Methods: Canonical problems of parallel monitoring and consensus monitoring are considered in this report. Modified Bonferroni methods are examined for parallel monitoring. Both multiple univariate and multivariate methods are applied for consensus monitoring. A multivariate adaptation of Monte Carlo trials, using the injection of epidemic-curve-like signals in the multiple data streams of interest, is presented for evaluation of the various tests.

Results: The Monte Carlo test results demonstrate that the multiple univariate combination methods of Fisher and Edgington provide the most robust detection performance across the scenarios tested. As the number of data streams increases, methods based on Hotelling's T² offer added sensitivity for certain signal scenarios. This potential advantage is clearer when strong correlation exists among the data streams.

Conclusion: Parallel and consensus monitoring tools must be blended to enable a surveillance system with distributed sensitivity and controlled alert rates. Whether a multiple univariate or multivariate approach should be used for consensus monitoring depends on the number and distribution of useful data sources and also on their covariance structure and stationarity. Strong, consistent correlation among numerous sources warrants the examination of multivariate control charts.

Introduction

In concert with increased concerns regarding both biologic terrorism and new natural infectious disease threats (e.g., severe acute respiratory syndrome [SARS] and West Nile virus), as a result of advances in medical informatics, data sources are available to epidemiologists for routine, prospective monitoring of public health. Persons who daily monitor these data sources must synthesize recent, disparate evidence to make decisions about possible public health concerns. To synthesize evidence, tools must be used that can find anomalies in single data streams and in various stream combinations while maintaining manageable false alarm rates. In this report, a framework is proposed for this synthesis; basic epidemiologic hypotheses for routine testing are presented and standard algorithms from other fields are adapted for testing them. Implementation principles are offered, but derived multivariate strategies depend on the available data streams, on their individual and covariate behavior, and on the goals and resources of the monitoring organization.

Objectives

Two prototype health monitoring problems are considered. The first problem, the parallel monitoring problem, is the monitoring of time series representing different physical locations (e.g., counties or treatment facilities) that are possibly stratified by other covariates (e.g., syndrome type or age group). The issue is how to maintain sensitivity while limiting the number of alerts that arise from testing the multiple resulting time series. Empirical thresholds can be chosen to achieve expected background alert rates of m per week or per month, where m depends on the investigation capacity and tolerance of the monitoring system.

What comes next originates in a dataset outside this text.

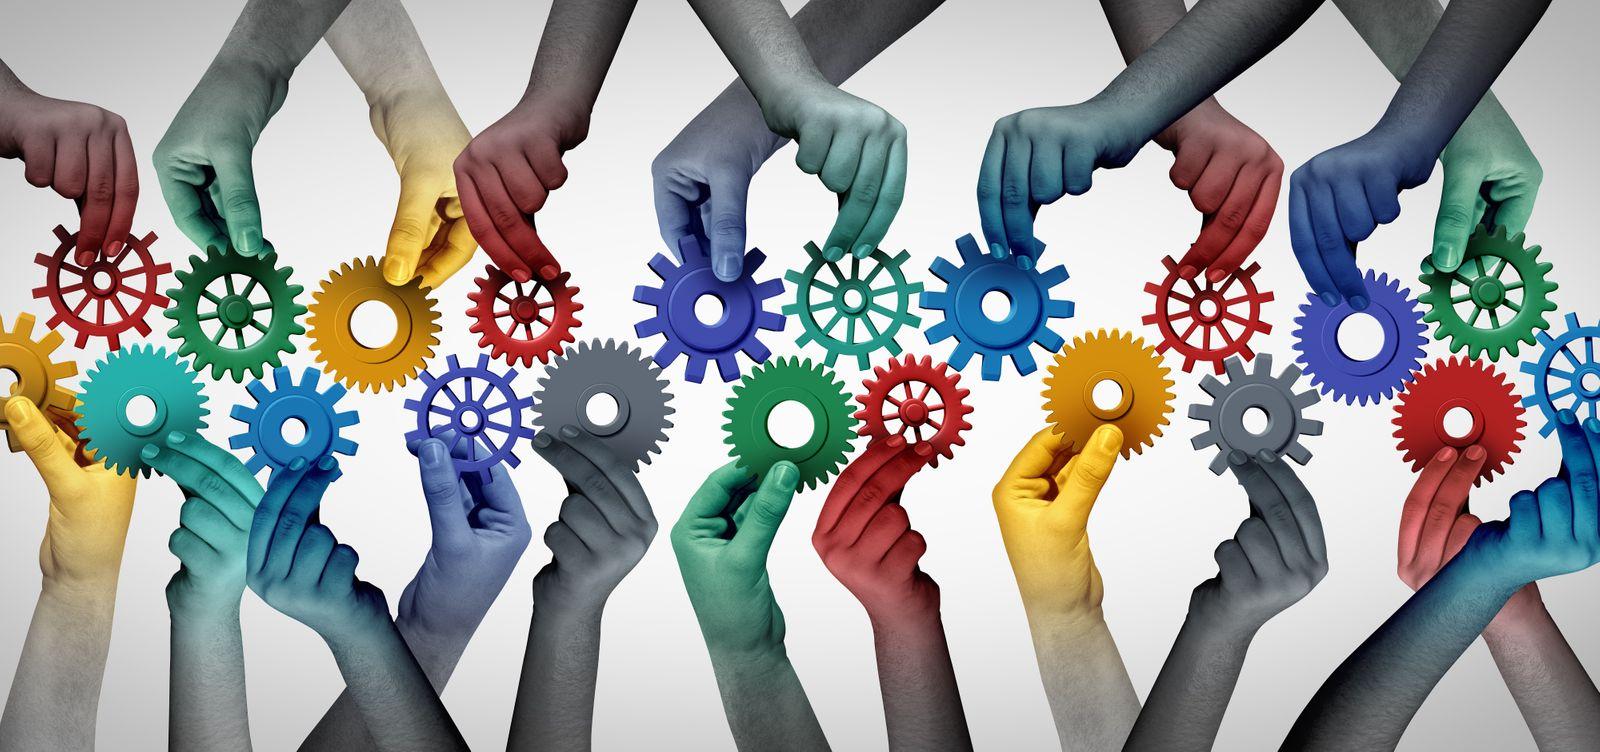 Team Collaboration Concept

The second problem, the consensus monitoring problem, is the testing of a single hypothesis by using multiple sources of evidence. For example, suppose that the null hypothesis is that no current outbreak of gastrointestinal disease exists in the monitored population. Usually, evidentiary time series available to test this hypothesis are syndromic counts of emergency department visits, outpatient clinic office appointments, and sales of overthe-counter remedies. The question is how to make decisions based on all available data sources (i.e., whether to combine results of tests applied to the individual time series or to apply a multivariate algorithm to the collection of visits, appointments, and sales) and how to implement the chosen strategy most effectively.

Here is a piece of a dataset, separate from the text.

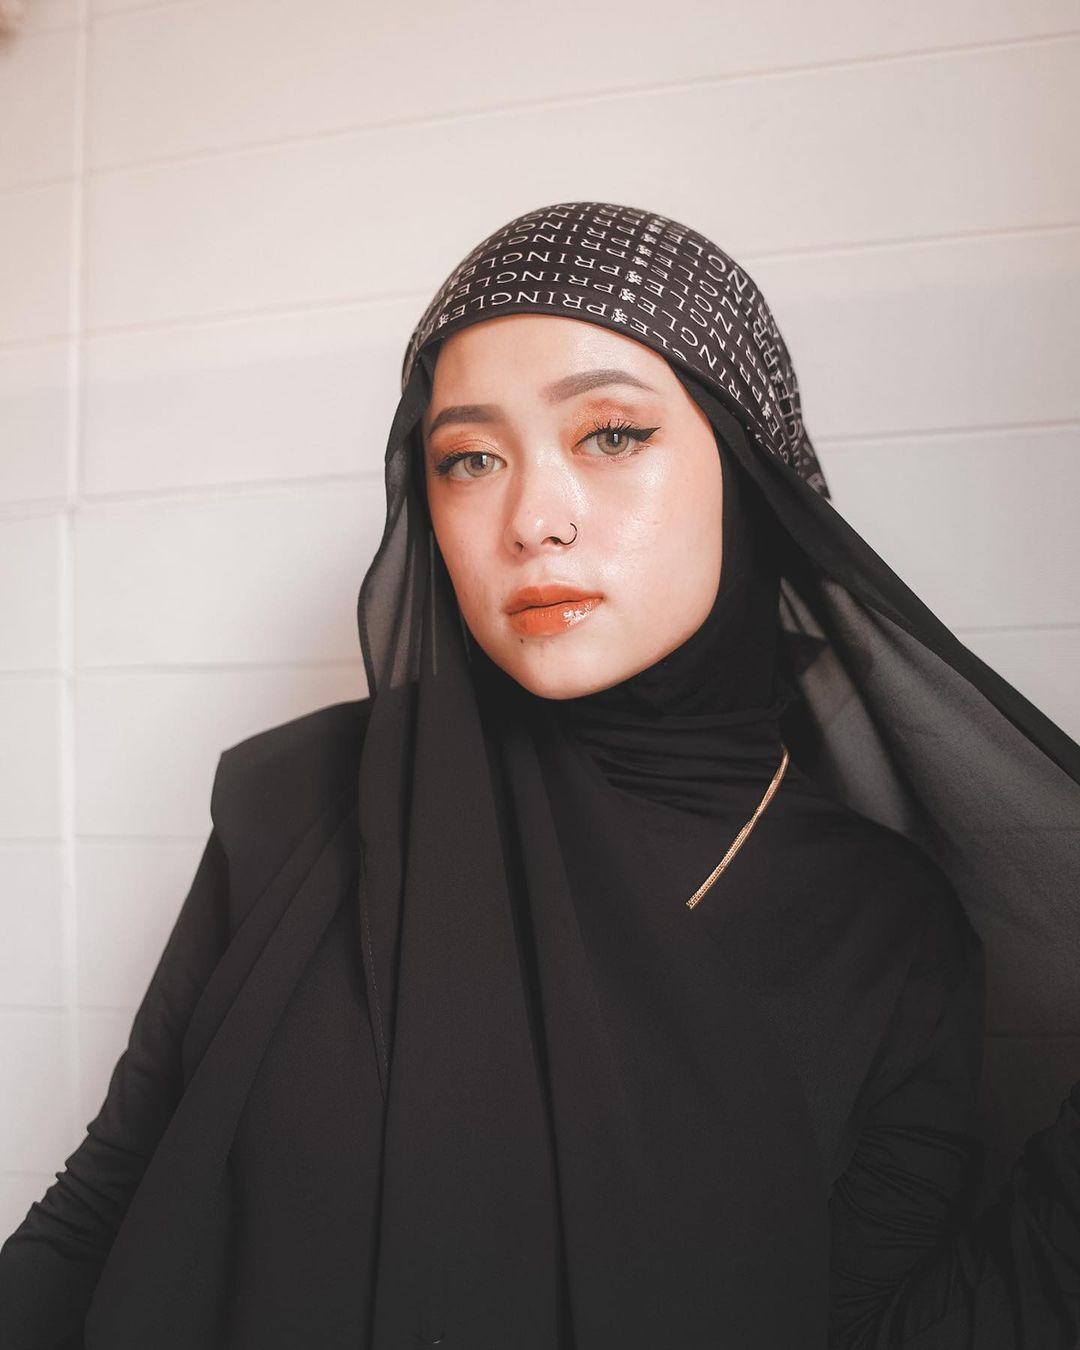 7 Ide Aksesori Hijab a La Selebgram Indonesia

The purview and resources of a group performing surveillance will determine the importance of these two monitoring problems. This report discusses statistical hypothesis tests specific to these problems, presents an approach for evaluating and comparing these tests, and applies this approach to gain preliminary insights. Algorithms used to implement some of these tests are either implemented or being reviewed in the Electronic Surveillance System for the Early Notification of Community-Based Epidemics (ESSENCE) biosurveillance systems (1).

Methods

Multiple methods that are presented combine the results of separate hypothesis tests. The computed p values provide test results amenable to these methods in the interval [0, 1]. Whereas a typical null hypothesis is that the current value(s) belong to some assumed probability distribution, the epidemiologic null hypothesis is that disease incidence is at expected levels. Even for tests of clinical diagnosis data, the rejection of the statistical hypothesis might not imply rejection of the epidemiologic one. In examples in this report, nominal thresholds of p = 0.05 and p = 0.01 are used, but in practical circumstances with unknown time series distributions from various data sources, the probabilistic interpretation is frequently unclear, and empirical threshold choices might be necessary for robust detection performance. Historical data sets or simulations can be used to make such threshold choices. Statistical properties of the methods (i.e., parallel monitoring methods, consensus methods, multiple univariate methods, and multivariate methods) depend on constant data variance (and on constant covariance for the multivariate methods); therefore, estimates of variance and other baseline parameters should be updated regularly to adapt to nonstationary behavior. The term "alert" is used to denote a threshold crossing, whereas false "alert" will refer to a threshold crossing unrelated to an increase in incidence of the disease type of concern.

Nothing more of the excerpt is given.